──────── Source material
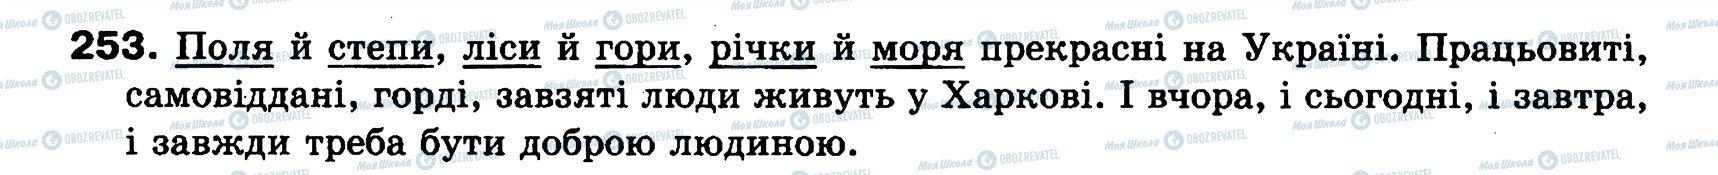 ГДЗ Укр мова 8 класс страница 253
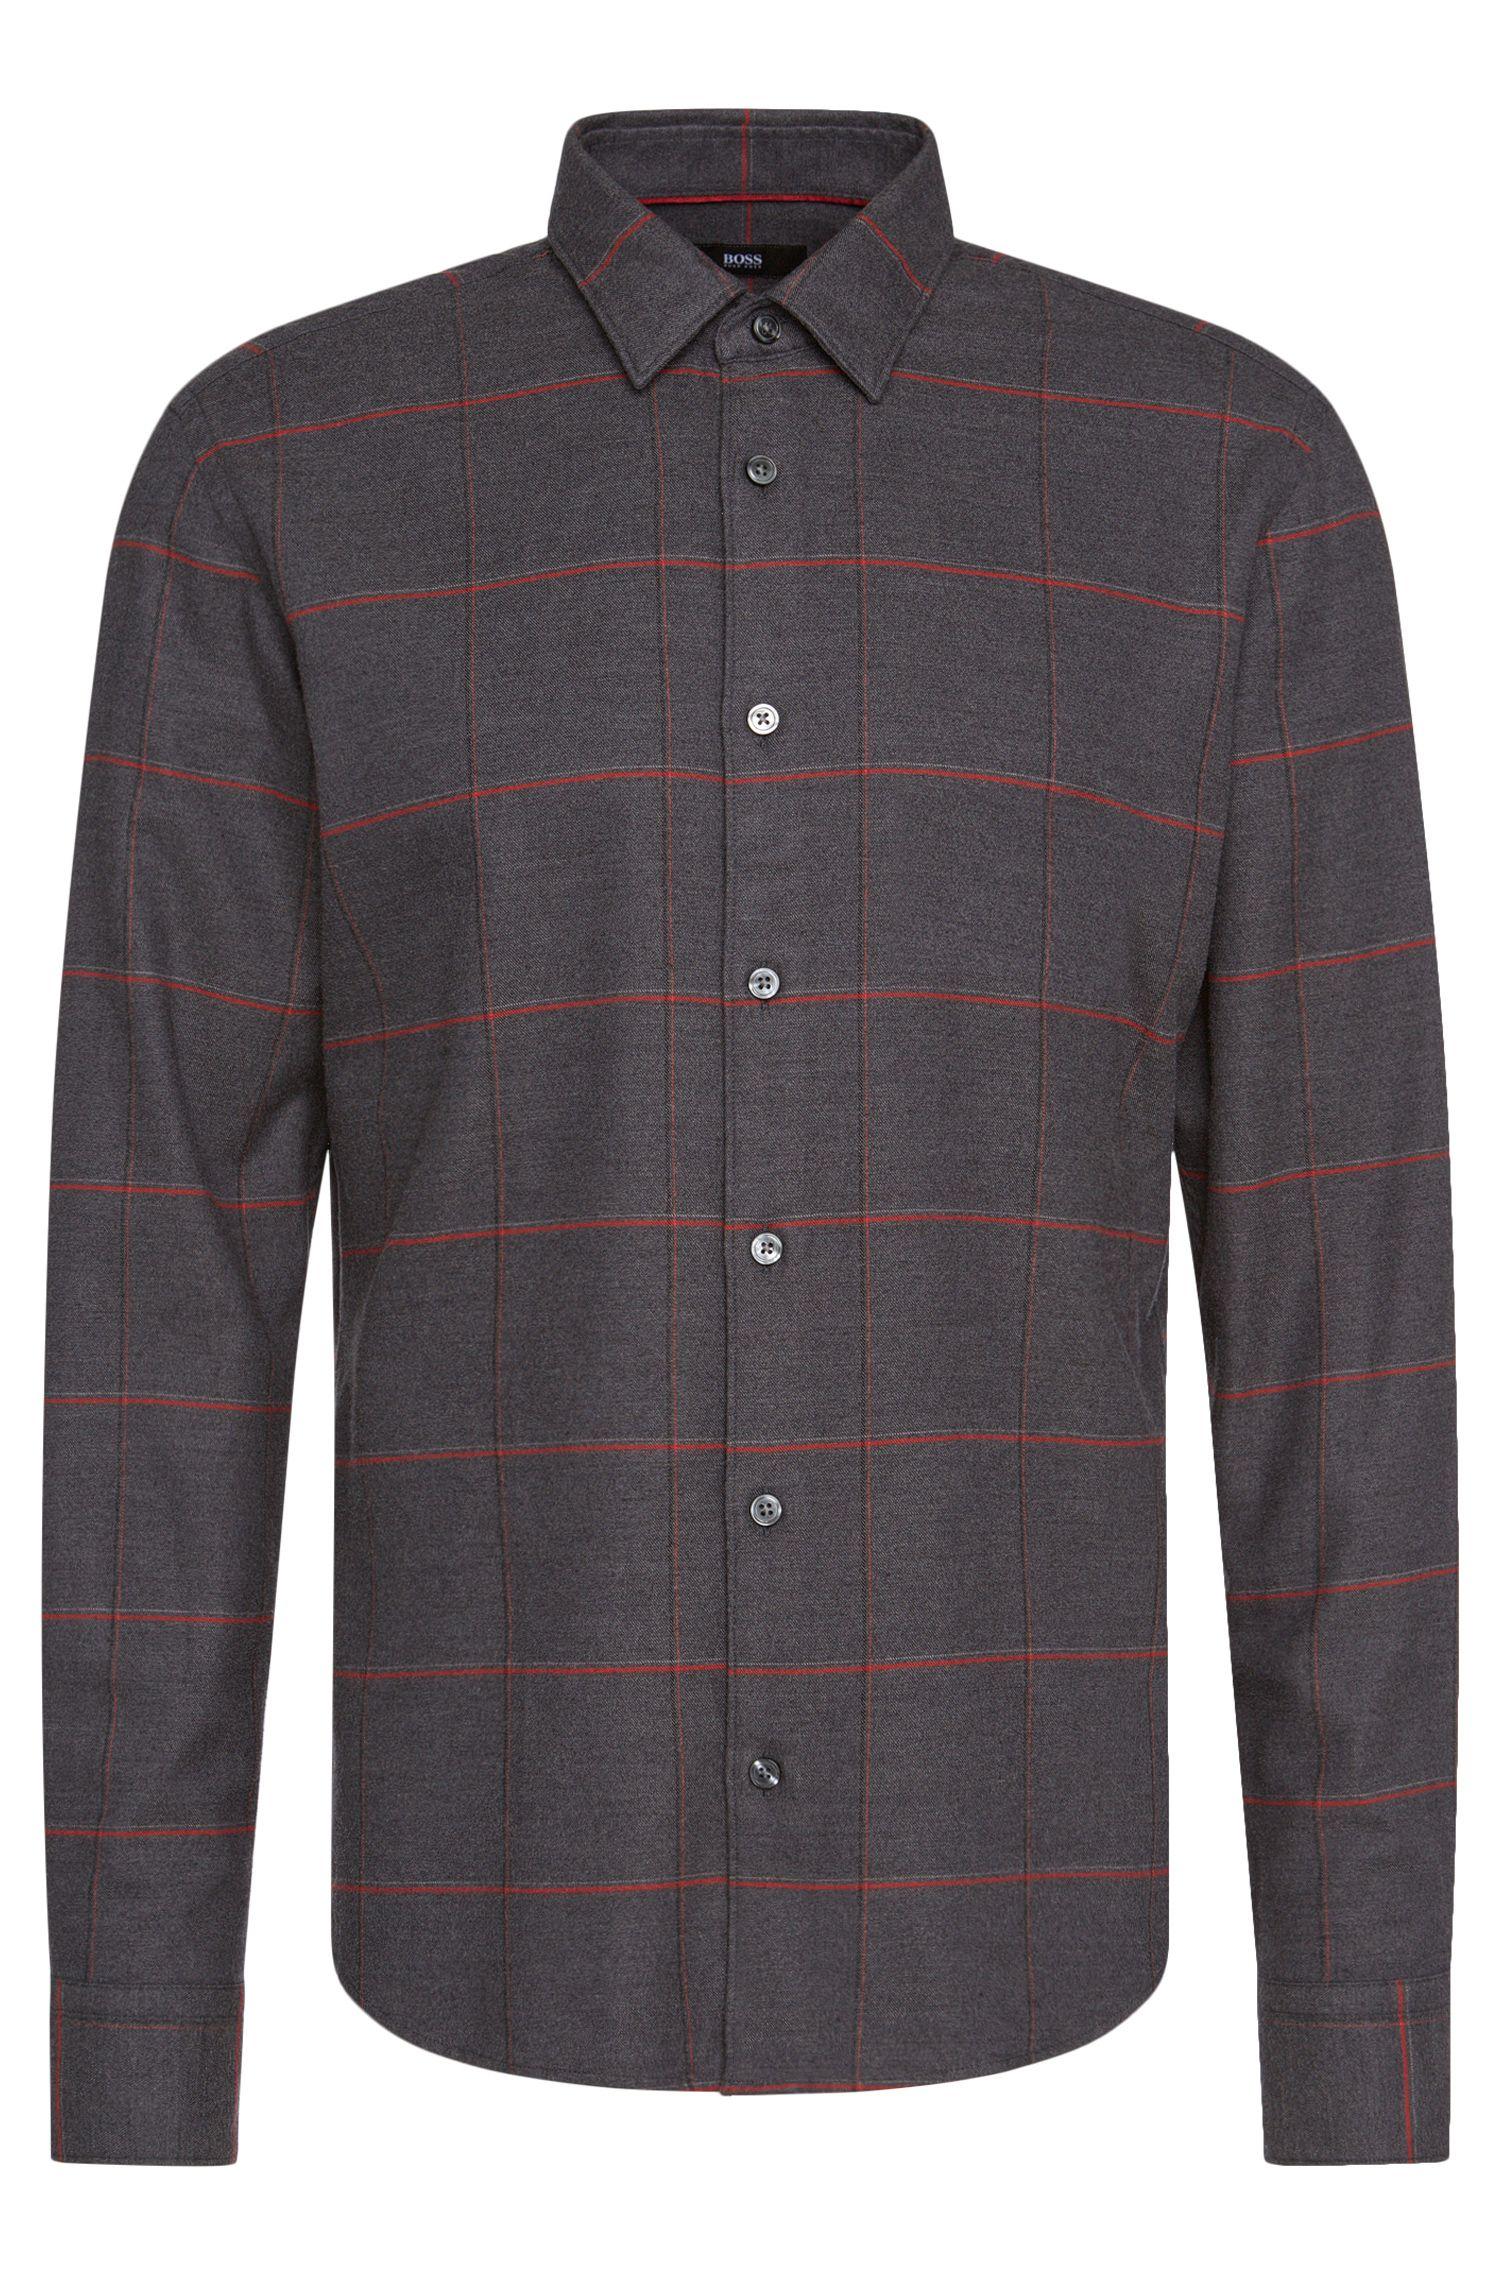 'Reid F'   Slim Fit, Cotton Lyocell Button Down Shirt
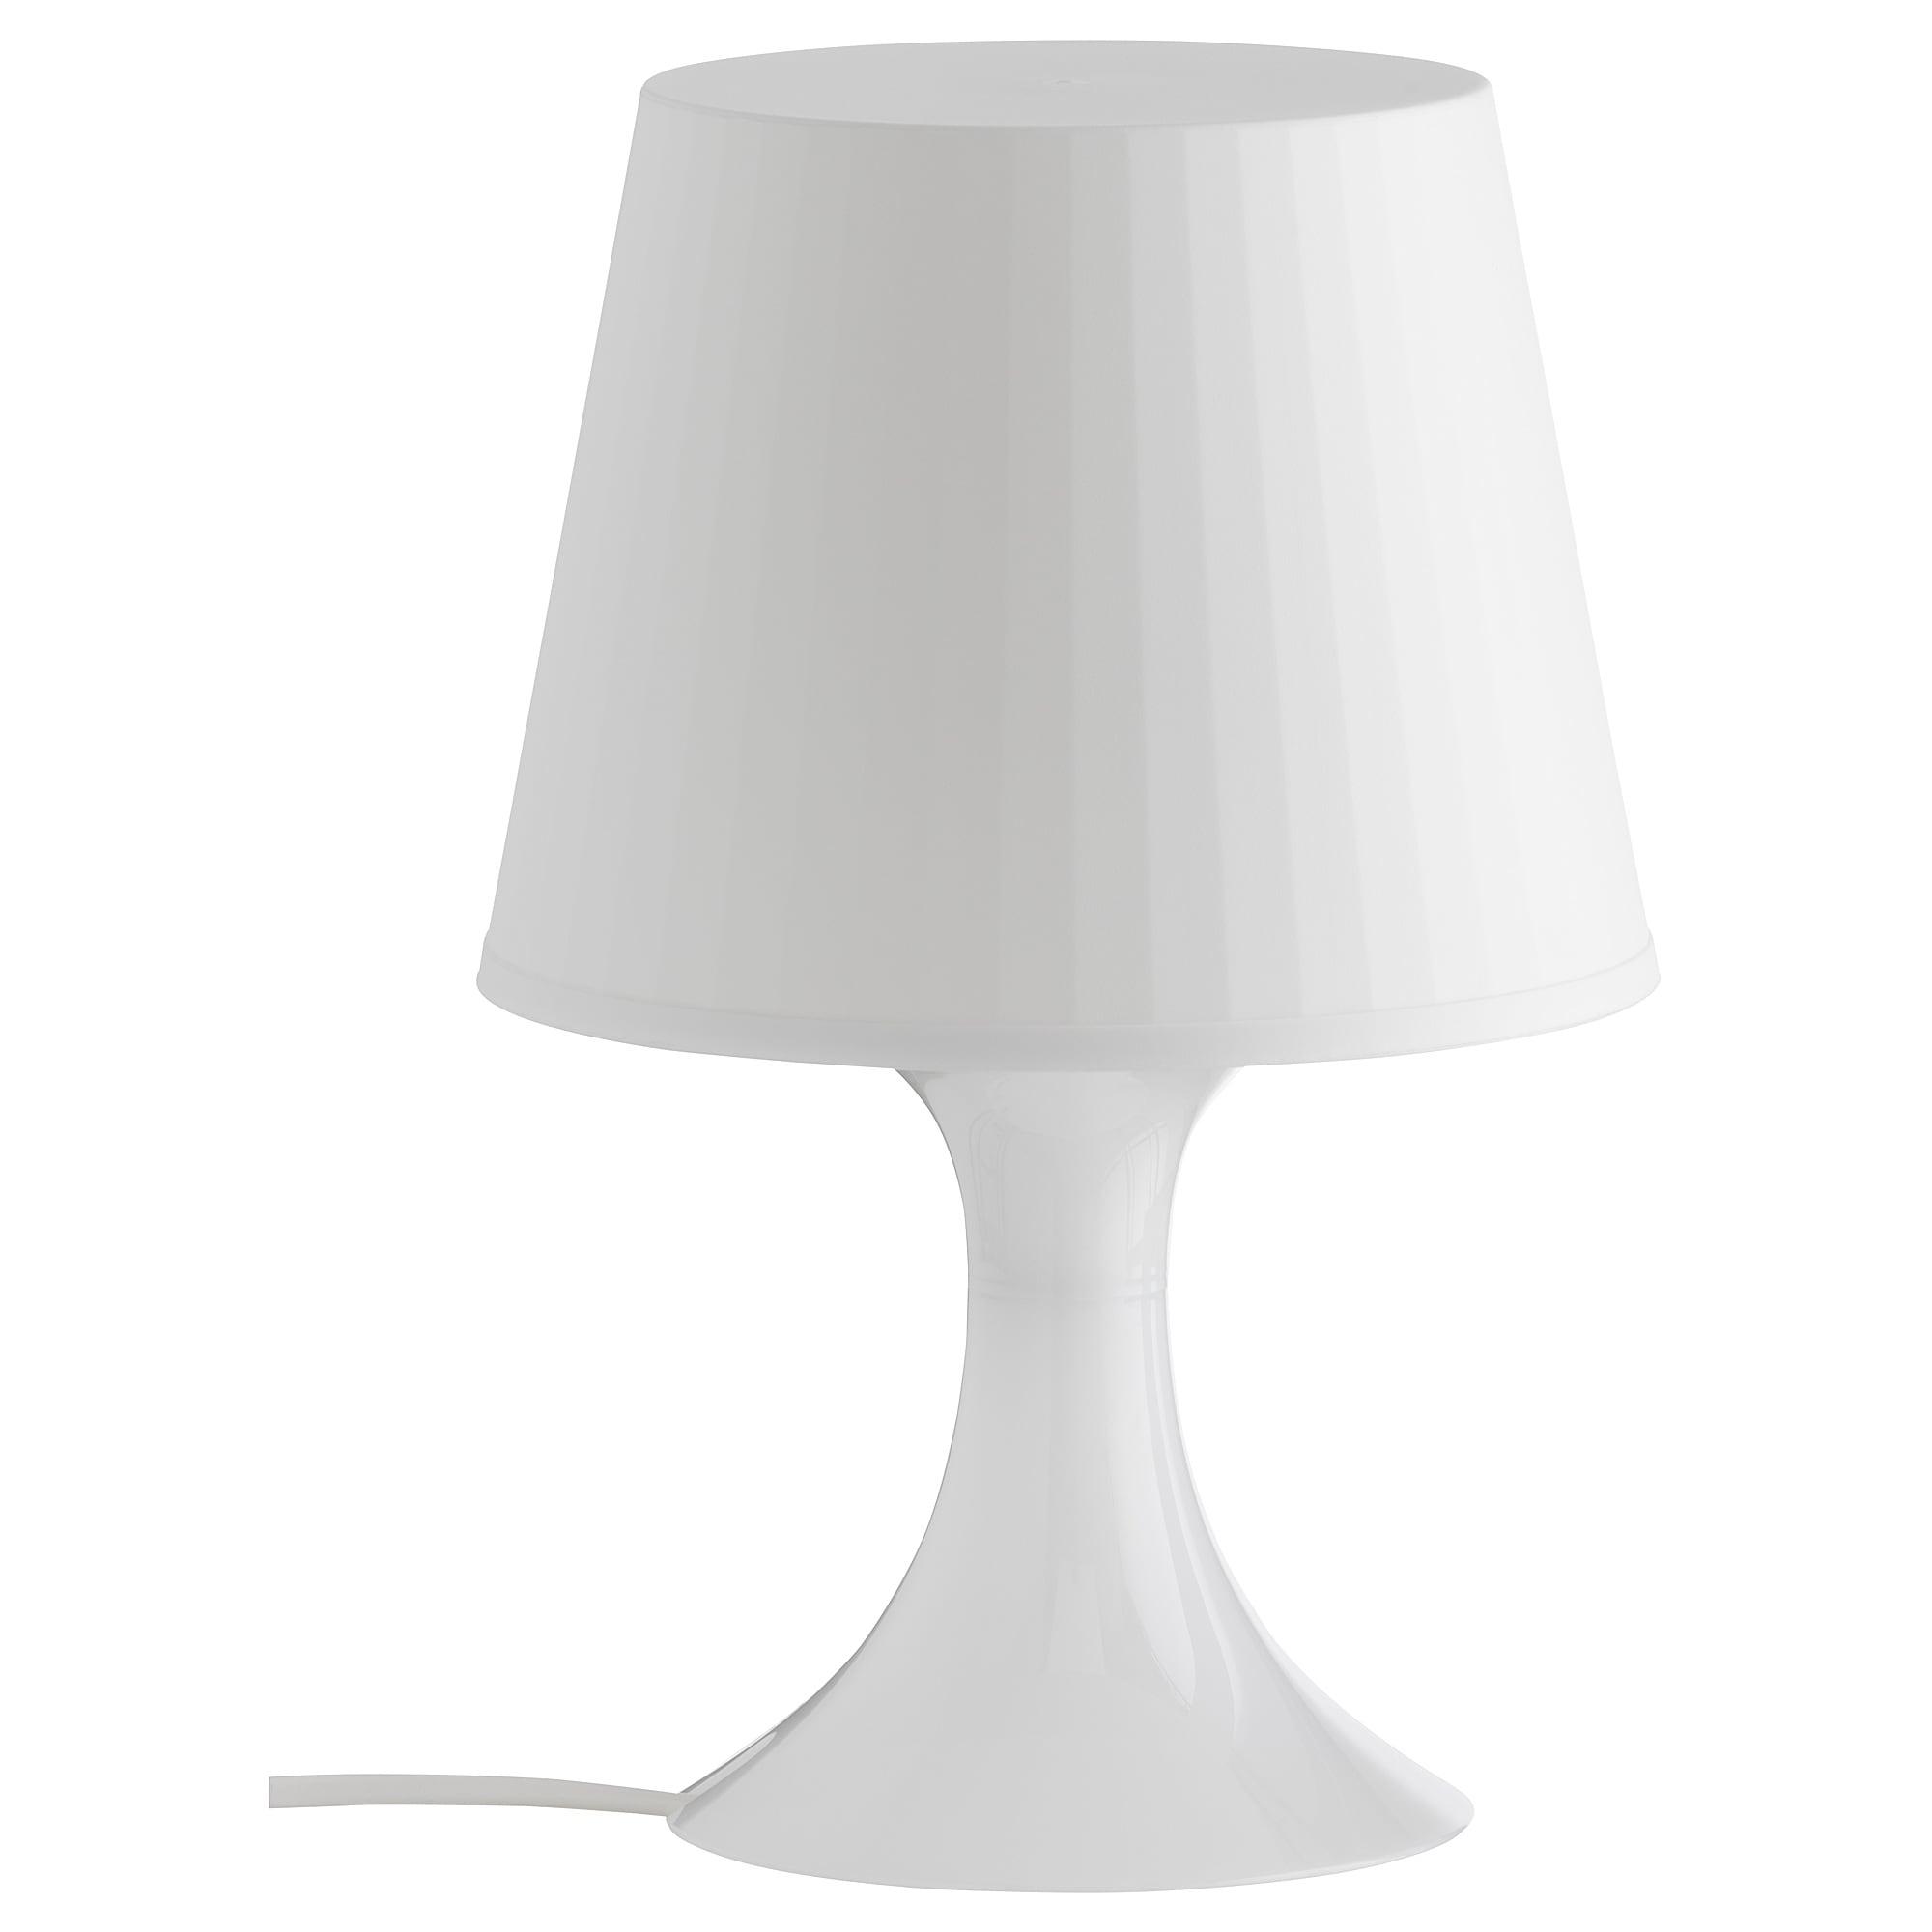 Ikea Lampara Mesa Gdd0 Lampan LÃ Mpara De Mesa Blanco Ikea
────────────────
Each line of the data is to be duplicated exactly; pictures stay out of the copy.

Your solution:
 ГДЗ Укр мова 8 класс страница 253
 'Reid F'   Slim Fit, Cotton Lyocell Button Down Shirt
 Ikea Lampara Mesa Gdd0 Lampan LÃ Mpara De Mesa Blanco Ikea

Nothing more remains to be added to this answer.